Entire web archives such as the entire dump of wikipedia and stackexchange (including media and indexes for search) can be stored locally. The missing piece is Google level search quality on the local machine. Given that brute force substring search can process Gigabytes in seconds nowadays. If you have enterprise grade server hardware things are reaching 1000GB/s. At this rate, there is no reason to think in a couple years local search of all known human knowledge can't happen on a local device at Google level result quality.

For anyone interested in the search space look into whats possible today in local offline search.


This is a great observation & seems to dovetail with technologies like IPFS.[1]

[1]: https://ipfs.io


You might be right, but human knowledge is also expanding, of course. The question is: will it expand faster than hardware capabilities?

Anyway, I wish we'd see more search and NLP related posts here on HN. It deserves far more attention than it gets.


For the average person this rate does not matter. They don't need access to the cutting edge of quantum physics, astronomy, dance, art or javascript.

All you have to do is look at the speed at which new info is being added to Wikipedia and Stackoverflow which is stabilizing, i.e. it is not growing as it once was. Basic/foundational knowledge is more or less all covered. https://en.wikipedia.org/wiki/Wikipedia:Modelling_Wikipedia%...

And that sum total comes to 50-60 GB compressed. Think about that number. It's not big.


The sum total of our collective intelligence is equal to an install of gtaV... Crazy.


Wikipedia is not the sum of our collective knowledge. It's little more than the preface.


We're talking about the "long tail" of information, which is huge also outside of science. Think popular culture.


It would be awesome if you could download dumps of wikepedia filtered by category so You can get the size down. Probably a lot of information that is useless to me in there


Kiwix does this, at least to a certain degree: http://wiki.kiwix.org/wiki/Content


Listen to Wikipedia http://listen.hatnote.com


NLP is rightly ignored.

https://en.m.wikipedia.org/wiki/Neuro-linguistic_programming...

Edit: Fortunately I'm left feeling foolish, rather than horrified.



The average user's needs are so small.

You do not even need "Google level" for most of today's web users.

You can deliver what users need with respect to web search with much less than "Google level".

For example a simple "<title>" search. This is how Google started.

The entry point into the web should be search for domains. A "<title>" search can do that.

Most users today do not do much searching within websites via Google. They search for websites using Google.

Anyway, you are right about storage space and offline search but obviously that truth misaligns with the "cloud" business narrative and coaxing users to store all their personal data in datacenters instead of on their desk or in their pocket.

Expect much opposition to this simple truth.


http://web.archive.org/ now provides full-text search, mostly of website titles.

Try it out. You'll find that it's... it feels like a trip back to 1998.

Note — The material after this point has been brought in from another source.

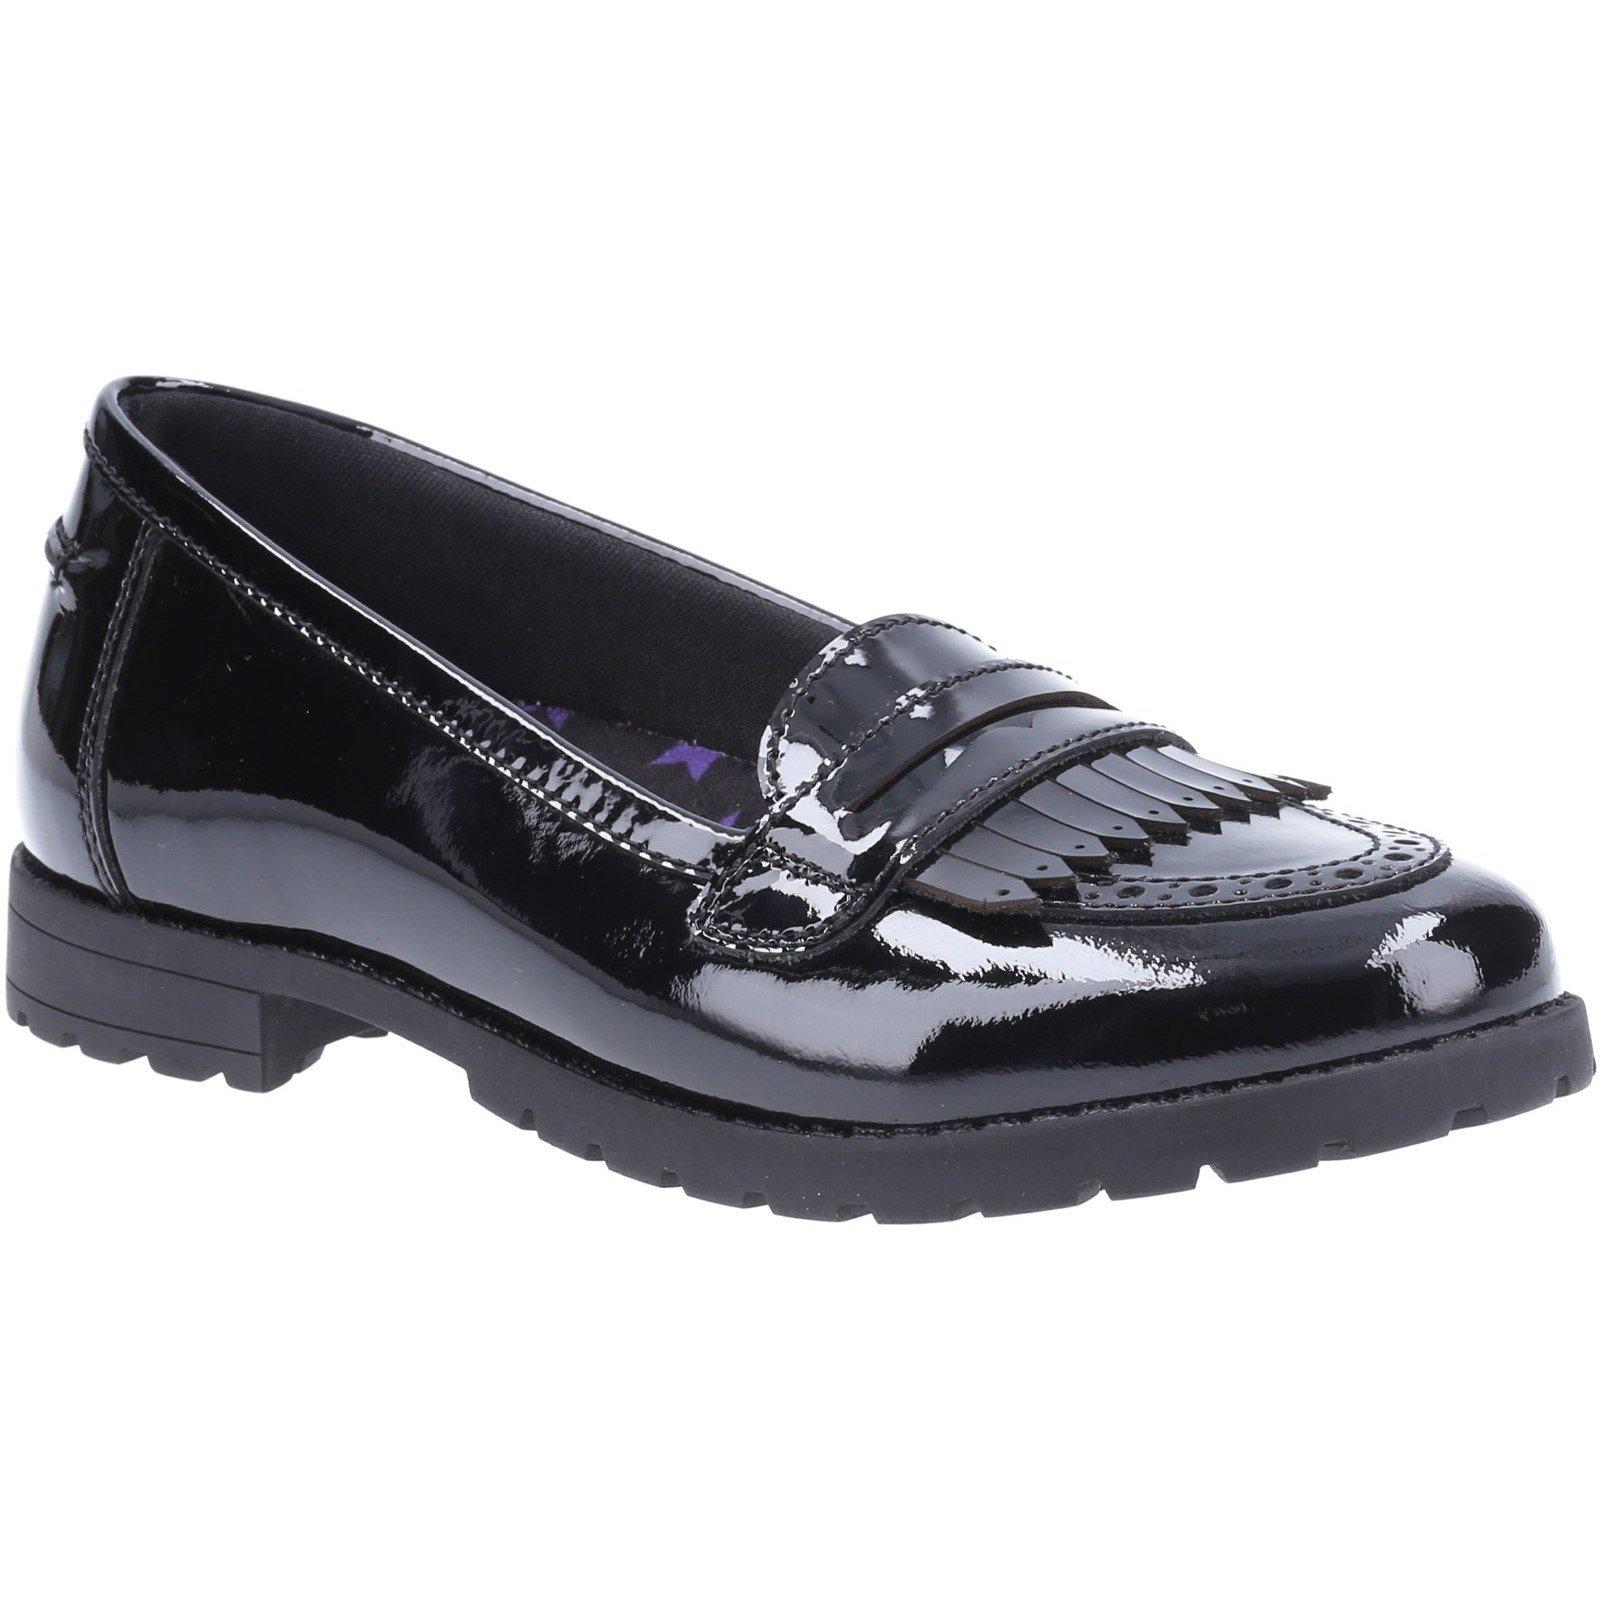 Hush Puppies Kid's Emer Senior School Shoe Patent Black 32596 - Patent Black 7

I'd say especially the average user profits from a search system that's somewhat clever and finds things even if they do not ask the exactly right query.

And searching for domains is only a tiny part of it, especially now where a lot of information is stuck in general sites with a lot of content (wikis, Q&A sites, social media sites) and not on special-interest sites. And for many generic searches the special-interest domains are various levels of spam/affiliate marketing.


PCIe 3 x16 devices have a 16GB/s theoretical max, so 1000GB/s is still out of reach for single machine I/O (though it's not as though search needs anywhere near these bandwidths anyway).


The Intel i9-7900x has 44 PCIe 3.0 lanes and wikipedia tells me each lane has throughput 984.6 MB/s so there's ~40 GB/s, maybe fast compression could make a small integer multiple.

https://www.intel.com/content/www/us/en/products/processors/...


AMD Threadripper has 64 in all available models: https://en.wikipedia.org/wiki/Zen_(microarchitecture)



That blog seems to imply you're using a distributed architecture, ie. not a single machine.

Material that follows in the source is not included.